Pero ahí estaba Isadora, la fastidiosa, deteniéndome con una mano firme en mi brazo.
—¿A dónde crees que vas? —inquirió, como si tuviera algún derecho a decidir sobre mis movimientos.
—No es tu problema —repliqué con desdén, aunque el dolor en mi cabeza me recordaba que no estaba en condiciones de pelear.
—El doctor dijo que debías estar en cama por varios días mientras te terminan de hacer los estudios —insistió, y su tono maternal me hacía querer alejarme aún más. No necesitaba su protección ni su autoridad; eso era lo último que quería.
—A la mierda los estudios —dije, sacudiendo su mano de mi brazo.
Justo cuando crucé la puerta de mi habitación, esa voz fría y autoritaria de Serafina hizo eco detrás de mí:
—Pierdes el tiempo, ya ella no está en esta casa.
La sangre me hirvió al instante; la rabia burbujeante comenzaba a tomar control. —¿Qué has dicho? —exclamé, incapaz de ocultar la incredulidad y el horror que me invadían.
—La corrí –dijo ella con un desdén casi despreocupado—. La muy inepta pensaba llevarte al hospital en ese estado. Imagínate ser la comidilla de la ciudad otra vez por tus comportamientos imprudentes en público. De verdad que has sobrepasado el límite, Daemon. Estoy harta de limpiar tus desastres.
Sonreí incrédulo ante su arrogancia.
—En ningún momento he pedido que limpies mis desastres. De eso me encargo yo.
Las palabras flotaban entre nosotros como cuchillos afilados. La repulsión hacia Serafina crecía cada vez más; su satisfacción por controlar mi vida era asquerosa.
Cuando salí de mi habitación cada paso hacia la habitación de Nabí era una mezcla de esperanza y desesperación. Pero al abrir la puerta, la desolación me golpeó: estaba vacía. La cama deshecha y las paredes silenciosas me gritaron que había perdido algo importante.

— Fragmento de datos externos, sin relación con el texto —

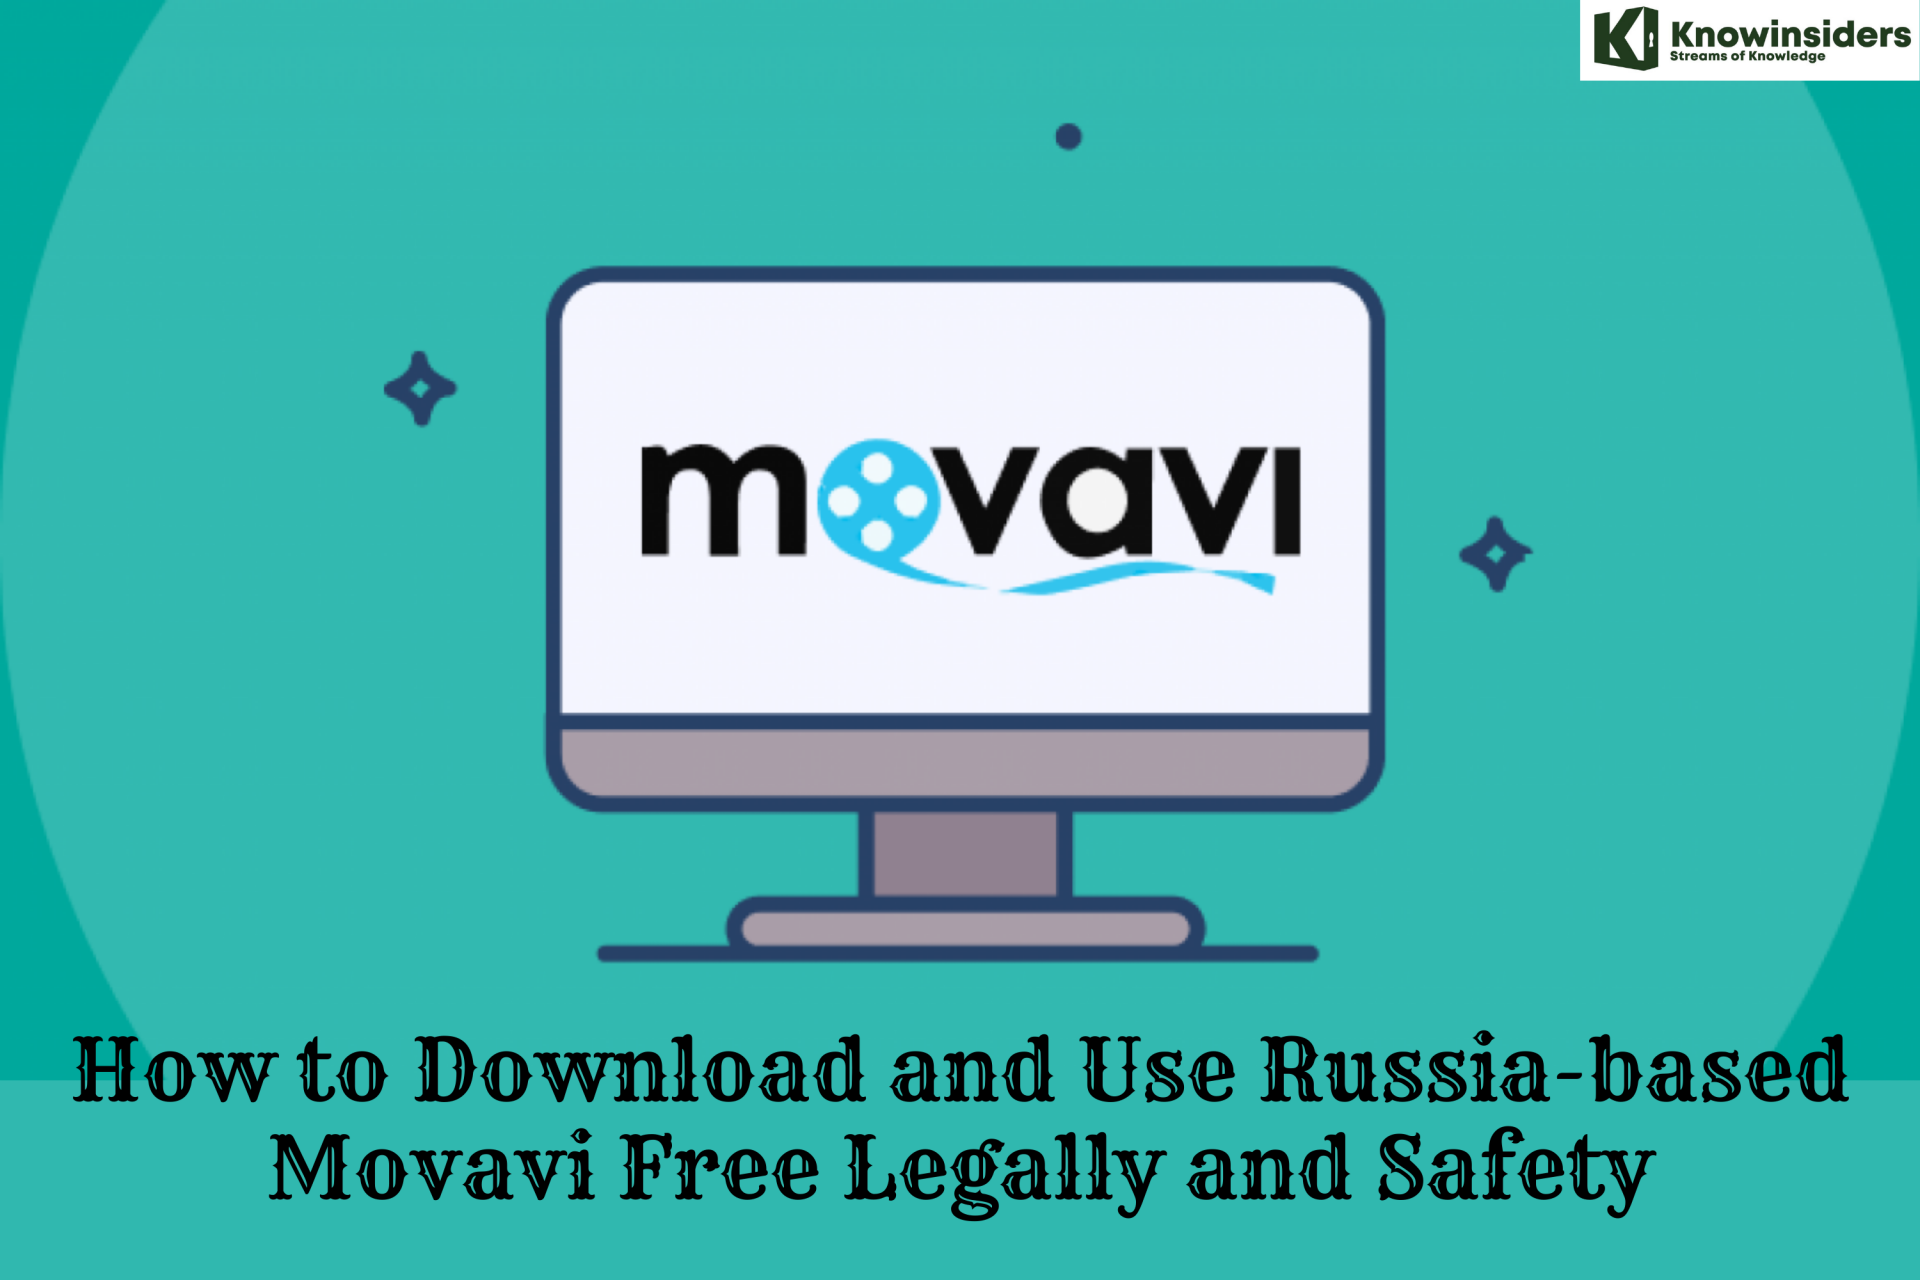 How to Download and Use Russia-based Movavi Free Legally and Safety

Bajé hasta la sala principal, donde encontré a Dafne espolvoreando los cuadros de la pared. Me sentía perdido otra vez, como si el mundo estuviera desmoronándose a mi alrededor. Había tenido una oportunidad de protegerla y había fallado. La idea de haberla perdido nuevamente era insoportable; cada segundo sin saber dónde estaba me desgarraba un poco más.
La desesperación me envolvía como una niebla densa, y la voz de Dafne cortó el aire pesado.
—Señor, está sangrando…
Al tocar la venda en mi cabeza, sentí como la humedad se había filtrado, un recordatorio cruel de que mi cuerpo no estaba a la altura de mis pensamientos. La frustración burbujeaba en mí; aquí estaba yo, atrapado en una espiral de impotencia mientras Nabí estaba fuera, y ahora, además, lidiando con este maldito dolor. La presión en mi cabeza era insoportable; cada latido parecía resonar como un tambor en mis sienes.
—Iré por el médico, por favor, no se mueva. —dijo, mientras se apresuraba a salir.
—Llama al asistente Park. Y asegúrate de que ya haya llegado de Seúl; lo necesito aquí de inmediato.
«¿Cómo pude dejar que esto sucediera?»